Нейрам слово в слово повторил сказанное Мансуром-атой.
– Она очень громко говорит, сила. Просто она всякий раз выглядит по-разному. И мы не узнаем силу, пока она не заговорит…
Антис усмехнулся, словно извиняясь за банальность.
– Прости, родич. Меня заносит. Делаюсь философом; а проще сказать – болтуном. Мне кажется, татуировки Папы Лусэро, мотыльки Злюки Кешаба, куклы Лысого Самсона – они нужны для того же. Хрупкость. Уязвимость жизни. И ее сила. Слушай, я замерз! Пошли к нашим штанам…

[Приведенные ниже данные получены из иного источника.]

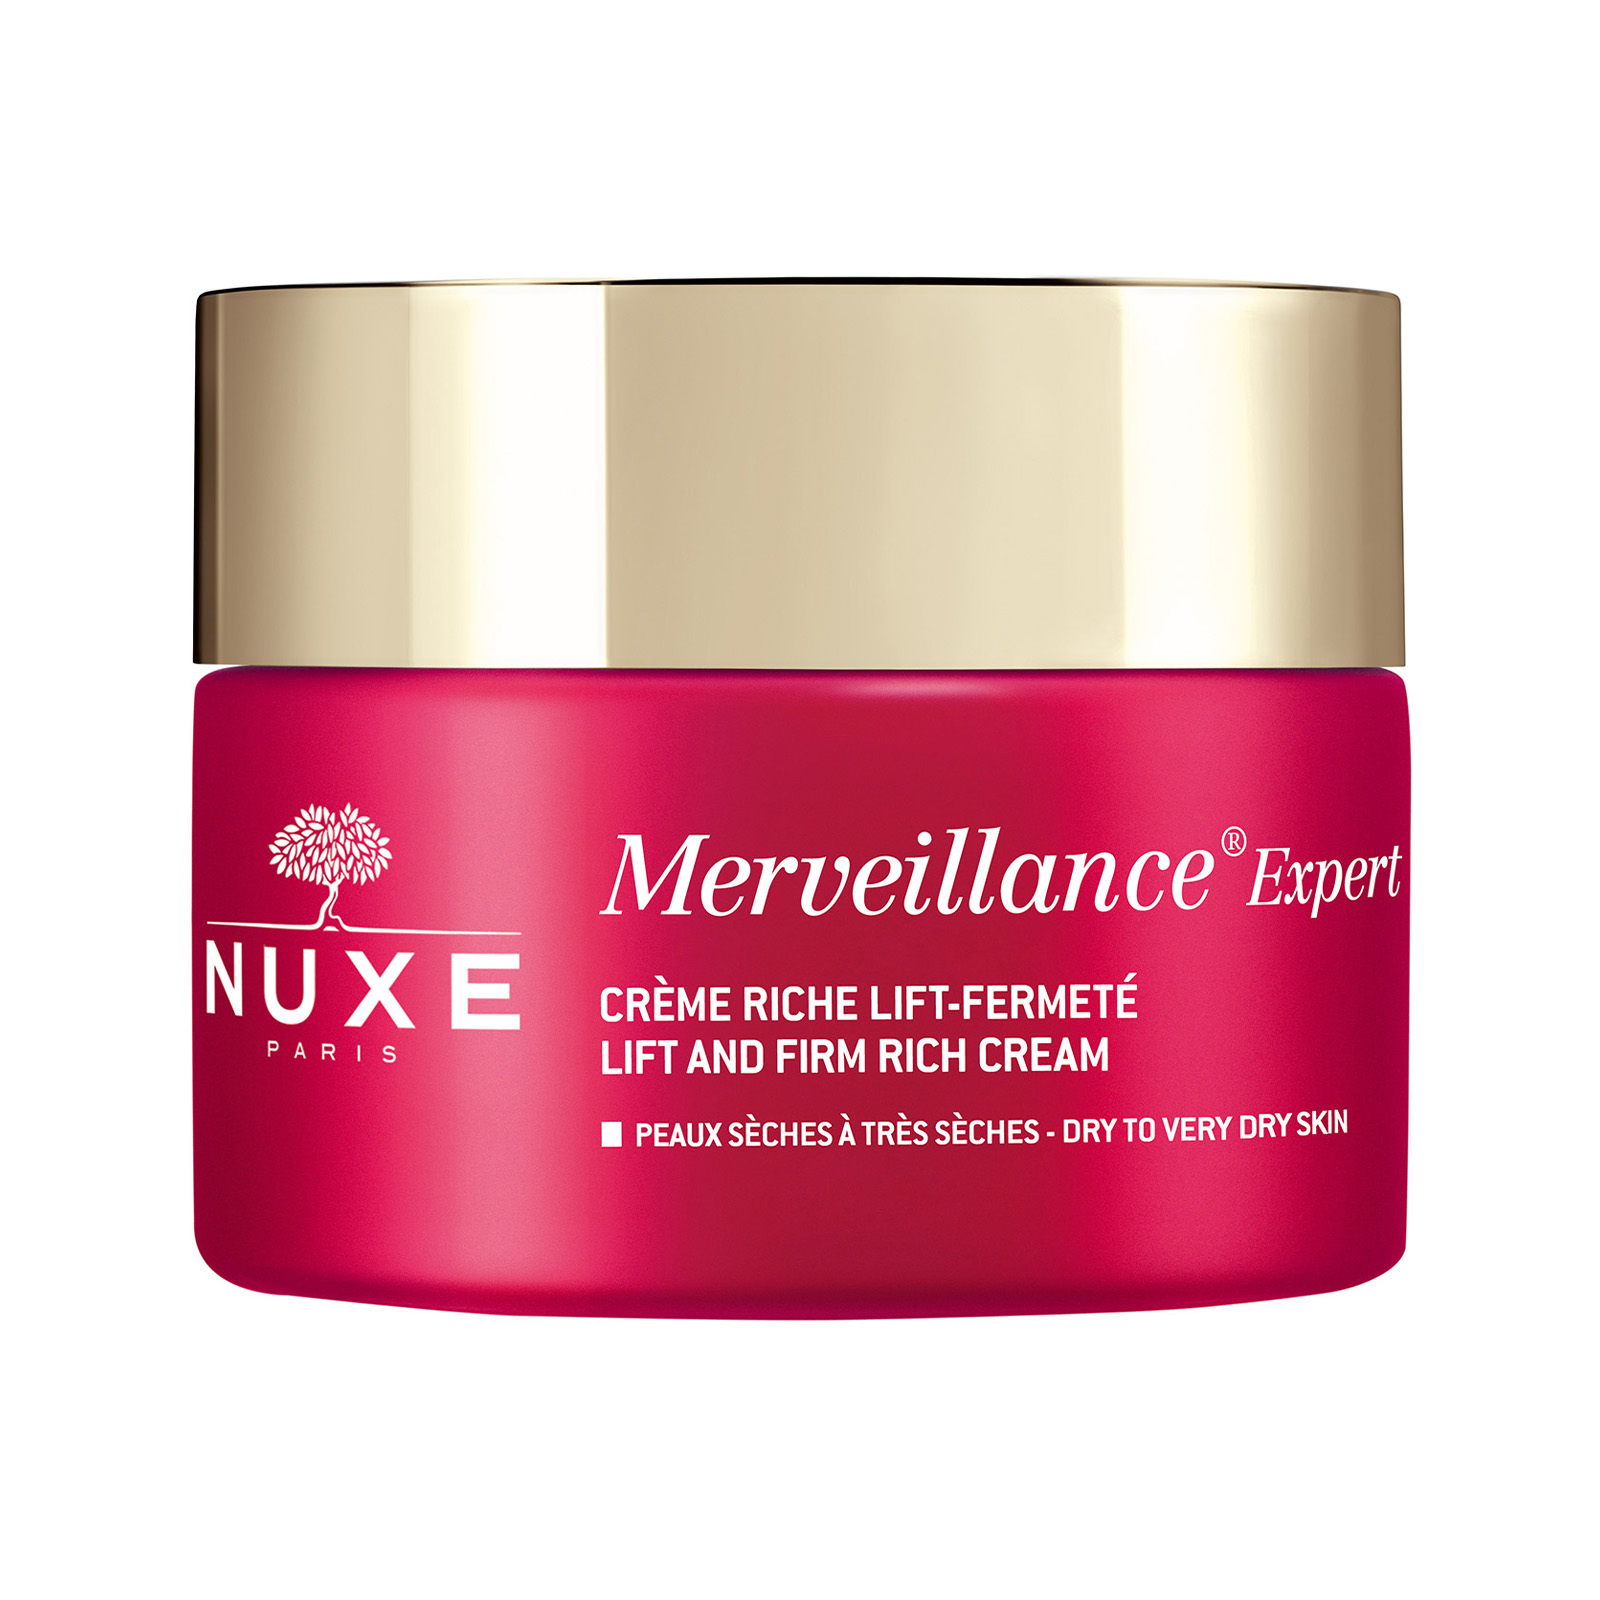 Nuxe Merveillance Expert Anti Wrinkle Cream 50ml Dry to Very Dry Skin in Dubai, UAE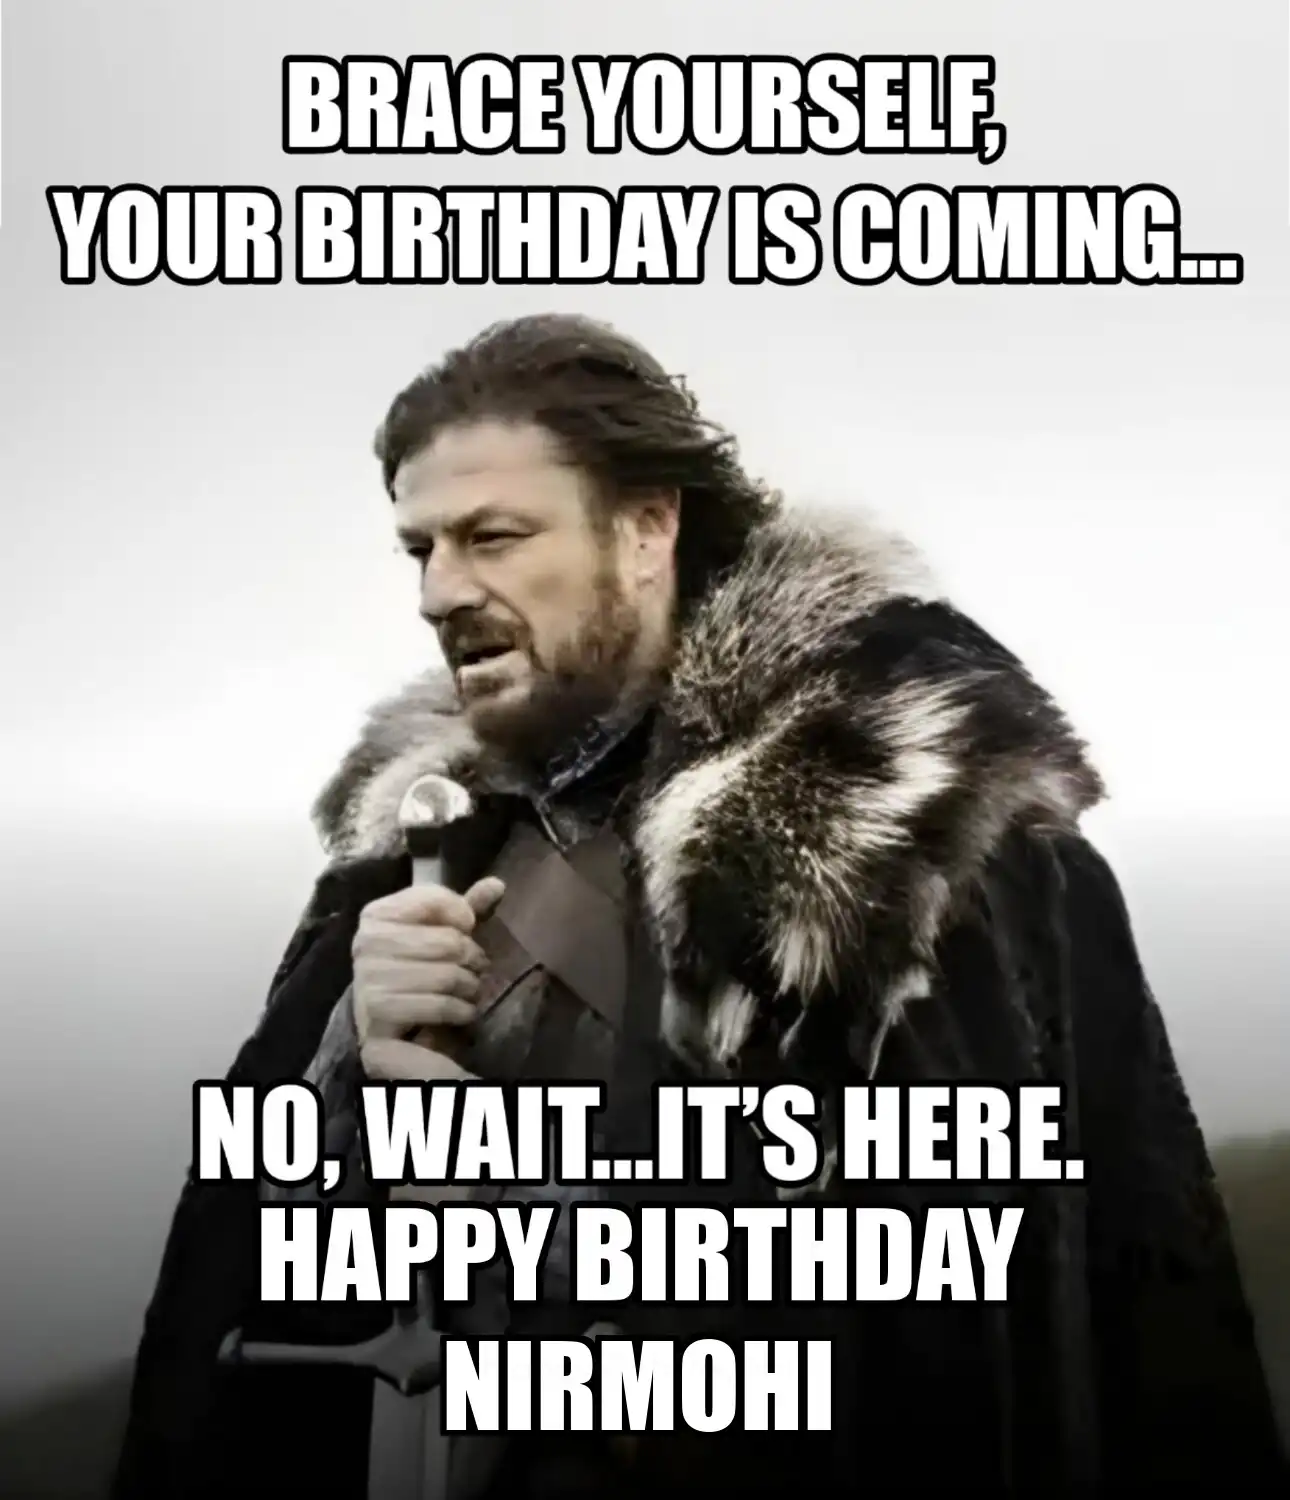 Happy Birthday Nirmohi Brace Yourself Your Birthday Is Coming Meme

В раздевалке не было никого. Одеваясь, они молчали. Застегнув кафтан на все пуговицы, Фаруд взял из ячейки кожаную сумку, раскрыл и достал медальон-носитель.
– Сюрприз! – он бросил медальон Нейраму. – Мама прислала. У нас твои гостят, Рудаба с детьми. Мальчики ходили в зоопарк, записали впечатления. Не хочешь взглянуть?
– А ты?
– Я утром смотрел. Они макакам рожи корчили…
Открыв носитель, антис зачерпнул пальцем чуточку куим-сё и поместил к себе на виски. Темно-фиолетовая, густая плесень. Белые, чуть желтоватые волосы. Смуглая кожа. И черные глаза со зрачком, расширенным, как от действия атропина. Прежде чем зажмуриться, Нейрам, смущаясь, развел руками: «Дети, сам понимаешь!.. давно не виделись…»
Фаруд кивнул и расслабился.
В ключевые моменты операций он никогда не волновался.
Сильное тело антиса вздрогнуло. Казалось, его ужалила оса. Это было невозможно: насекомые сгорали на подлете к любому вехдену. Но сегодня невозможное теряло частицу «не». Так сбрасывают маску на карнавале. Нейрам Саманган больше не шевелился. Стоял, безвольно свесив руки. Горбился, втянув голову в плечи, плотно сжав веки. Кожа на лбу собралась в морщины, тугая складка залегла меж бровями.